Due to the overlap of the parts, a lot of information is available about the center of the galaxy, because it is processed by the convnet in 16 different orientations. This is useful because a few important properties of the galaxies are expected to be in the center of the image (the presence of a bar or a bulge, for example). Reducing this overlap typically resulted in reduced performance. I chose not to make the parts fully overlap, because it would slow down training too much.
Incorporating output constraints
As described on this page, the 37 outputs to be predicted are weighted probabilities, adhering to a number of constraints. Incorporating these constraints into the model turned out to be quite useful.
In essence, the answers to each question should form a categorical distribution. Additionally, they are scaled by the probability of the question being asked, i.e. the total probability of answers given that would lead to this question being asked.
My initial reflex was to use a softmax output for each question, and then apply the scaling factors. This didn’t make much of a difference. I believe this is because the softmax function has difficulty predicting hard zeros and ones, of which there were quite a few in the training data (its input would have to be very large in magnitude).
If cross-entropy is the error metric, this is not a big issue, but for this competition, the metric by which submissions were judged was the root mean squared error (RMSE). As a result, being able to predict very low and very high probabilities was quite useful.
In the end I normalised the distribution for each question by adding a rectification nonlinearity in the top layer instead of the softmax functions, and then just using divisive normalisation. For example, if the raw, linear outputs of the top layer of the network for question one were
z1, z2, z3, then the actual output for question one was given by
max(z1, 0) / (max(z1, 0) + max(z2, 0) + max(z3, 0) + epsilon). The
epsilon is a very small constant that prevented division by zero errors, I set it to 1e-12. This approach allowed the network to predict hard zeros more easily.
This is really where Theano shines: I could incorporate these constraints into the model simply by writing out what they were – no need to manually compute all the changed gradients. A big time saver! If I had to compute the gradients manually, I probably wouldn’t even have bothered to try incorporating the constraints in the first place.
Architecture of the best model
The best model I found is shown below in the form of a Krizhevsky-style diagram. All other models included in the final ensemble I submitted are slight variations of this model.
The input is presented to the model in the form of RGB coloured 45×45 image parts.
The model has 7 layers: 4 convolutional layers and 3 dense layers. All convolutional layers include a ReLU nonlinearity (i.e.
f(x) = max(x, 0)). The first, second and fourth convolutional layers are followed by 2×2 max-pooling. The sizes of the layers, as well as the sizes of the filters, are indicated in the figure.
As mentioned before, the convolutional part of the network is applied to 16 different parts of the input image. The extracted features for all these parts are then aggregated and connected to the dense part of the network.

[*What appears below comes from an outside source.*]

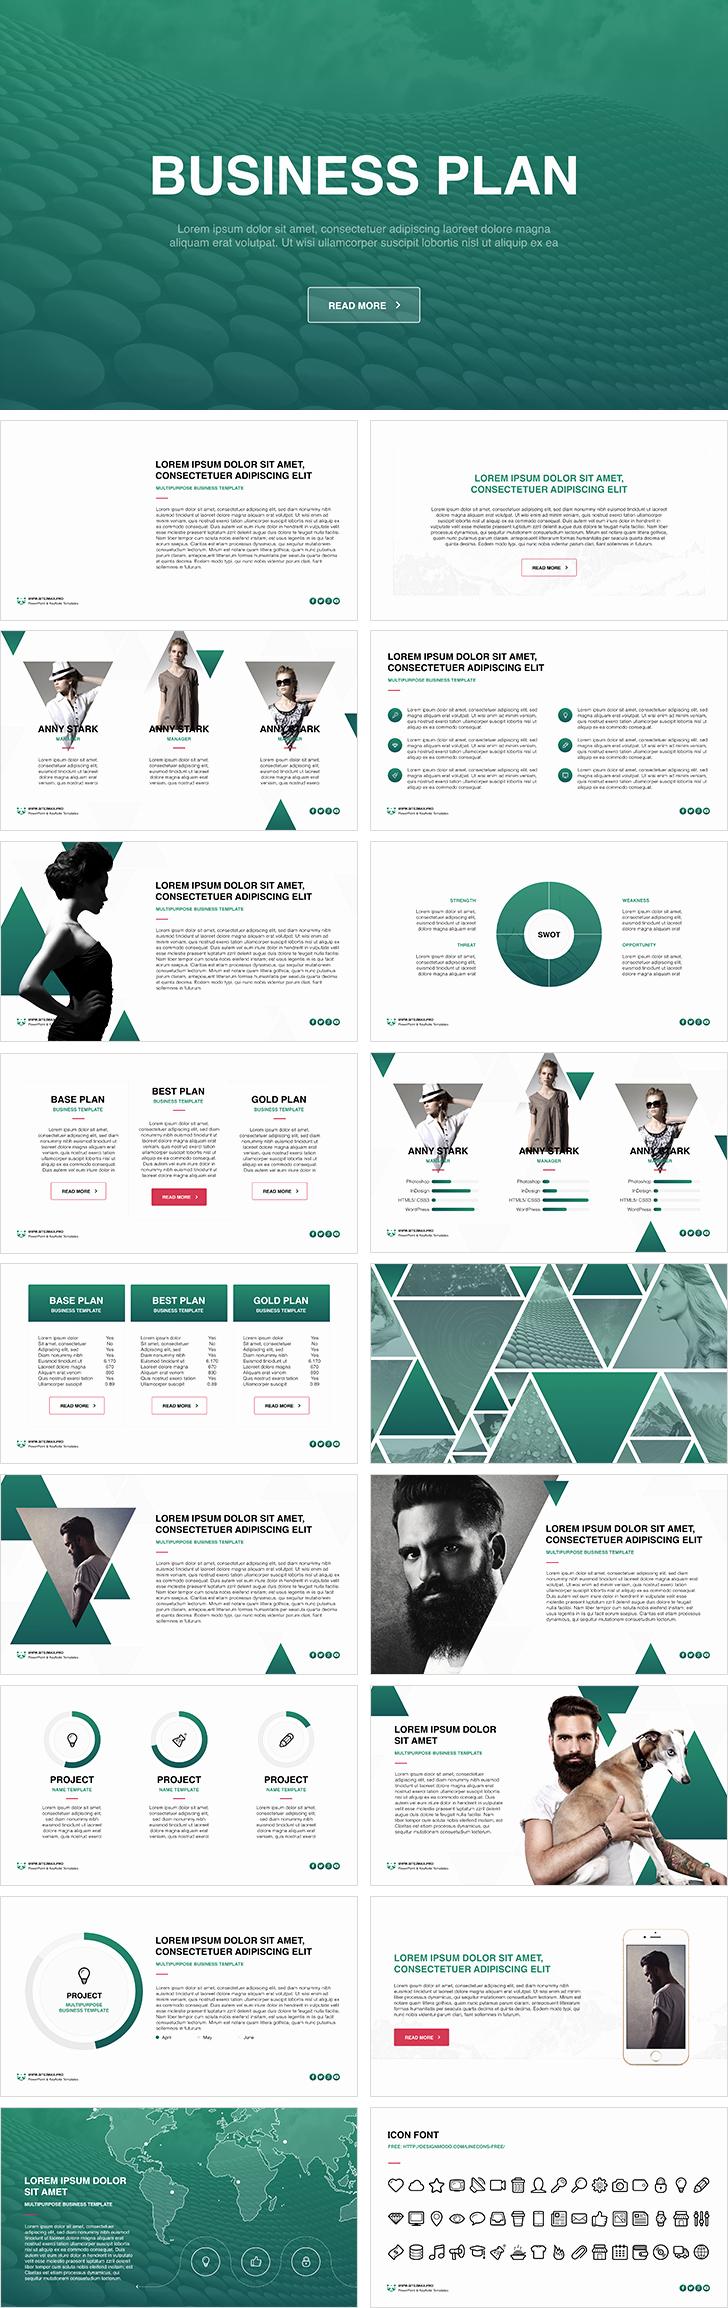 Business Plan Powerpoint Template Beautiful Business Plan Free Powerpoint Template Download Free

The dense part consists of two maxout layers with 2048 units (Goodfellow et al. 2013), both of which take the maximum over pairs of linear filters (so 4096 linear filters in total). Using maxout here instead of regular dense layers with ReLUs helped to reduce overfitting a lot, compared to dense layers with 4096 linear filters. Using maxout in the convolutional part of the network as well proved too computationally intensive.
Training this model took 67 hours.
Variants of the best model were included in the final ensemble I submitted, to increase variance (see “Model averaging”). They include:
- a network with two dense layers instead of three (just one maxout layer)
- a network with one of the dense layers reduced in size and applied individually to each part (resulting in 16-way parameter sharing for this layer as well)
- a network with a different filter size configuration: 8/4/3/3 instead of 6/5/3/3 (from bottom to top)
- a network with centered and rescaled input images
- a network with a ReLU dense layer instead of maxout
- a network with 192 filters instead of 128 for the topmost convolutional layer
- a network with 256 filters instead of 128 for the topmost convolutional layer
- a network with norm constraint regularisation applied to the two maxout layers (as inHinton et al. 2012)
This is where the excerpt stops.